Cassyr sonrió y escuchó cómo el muy patán contaba la historia de su fracaso con generosas exageraciones que hacían que la mesa se partiera de risa. Muchas miradas se dirigieron hacia allí, aunque ninguno de los lugareños trató de explicar al narrador que el tonto del relato le estaba prestando atención. La mirada que más le dolió fue la de su primo, un joven que creía que había vuelto de Dwynnen como un gran héroe. En algún momento, el barón se enteraría de este asunto y de su estupidez, que seguiría aumentando según contasen su historia.
Maldijo a Vivec, el dios viviente, con cada fibra de su alma.
21 de La helada de 2920 La Ciudad Imperial, Cyrodiil
Corda, con un vestido de una blancura cegadora, el uniforme de sacerdotisa del conservatorio de Morwha de Hegathe, llegó a la ciudad justo después de la primera tormenta de invierno. Las nubes se separaban con la luz del sol y la preciosa adolescente guardia roja apareció por una amplia avenida con su escolta, cabalgando hacia el palacio. Mientras que su hermana era una joven alta, delgada, angulosa y arrogante, Corda era pequeña, de cara redonda y con inmensos ojos marrones.
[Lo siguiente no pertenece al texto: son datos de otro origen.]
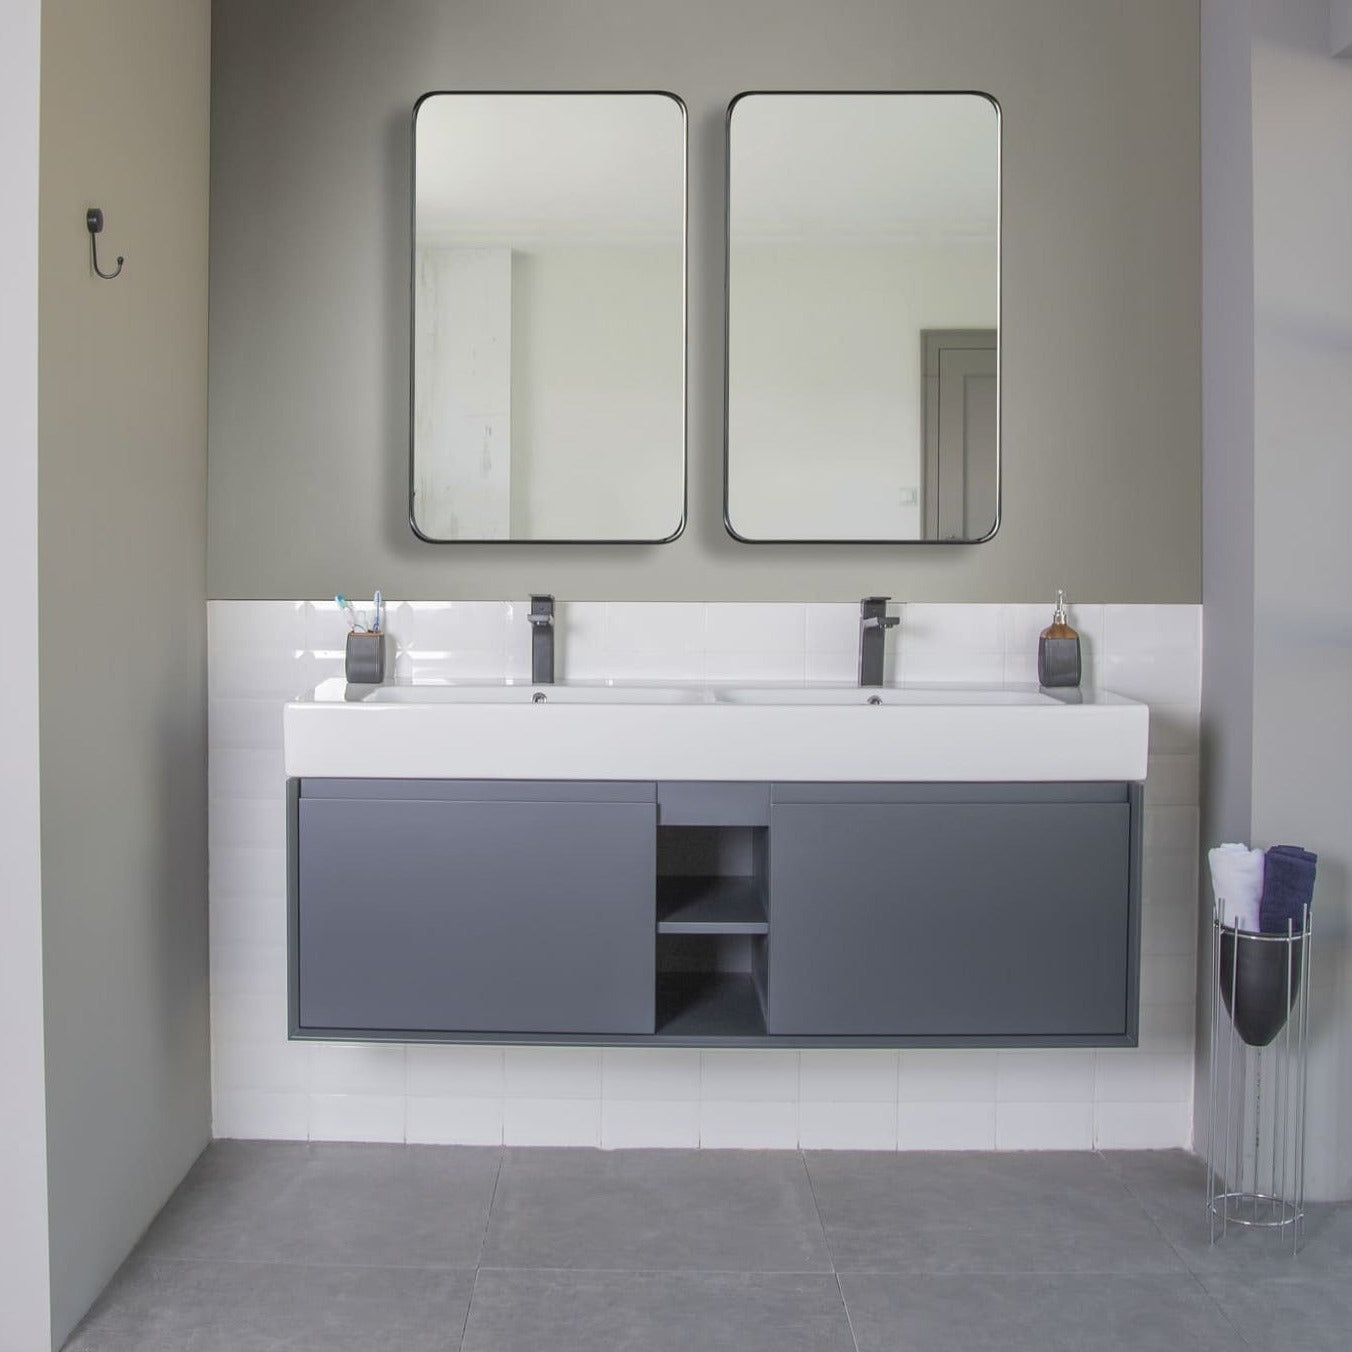 Gala Bathroom Vanity Homelero 60" #size_60" #color_dark grey

Los lugareños empezaron rápidamente a hacer comparaciones.
“No ha pasado ni un mes desde la ejecución de lady Rijja”, murmuró una criada que miraba por la ventana, guiñándole a su vecina.
“Y no lleva fuera del convento ni un mes”, afirmó la otra mujer dándole la razón y regodeándose en el escándalo. “Esta se quedará poco. Su hermana no fue inocente y mira dónde acabó”.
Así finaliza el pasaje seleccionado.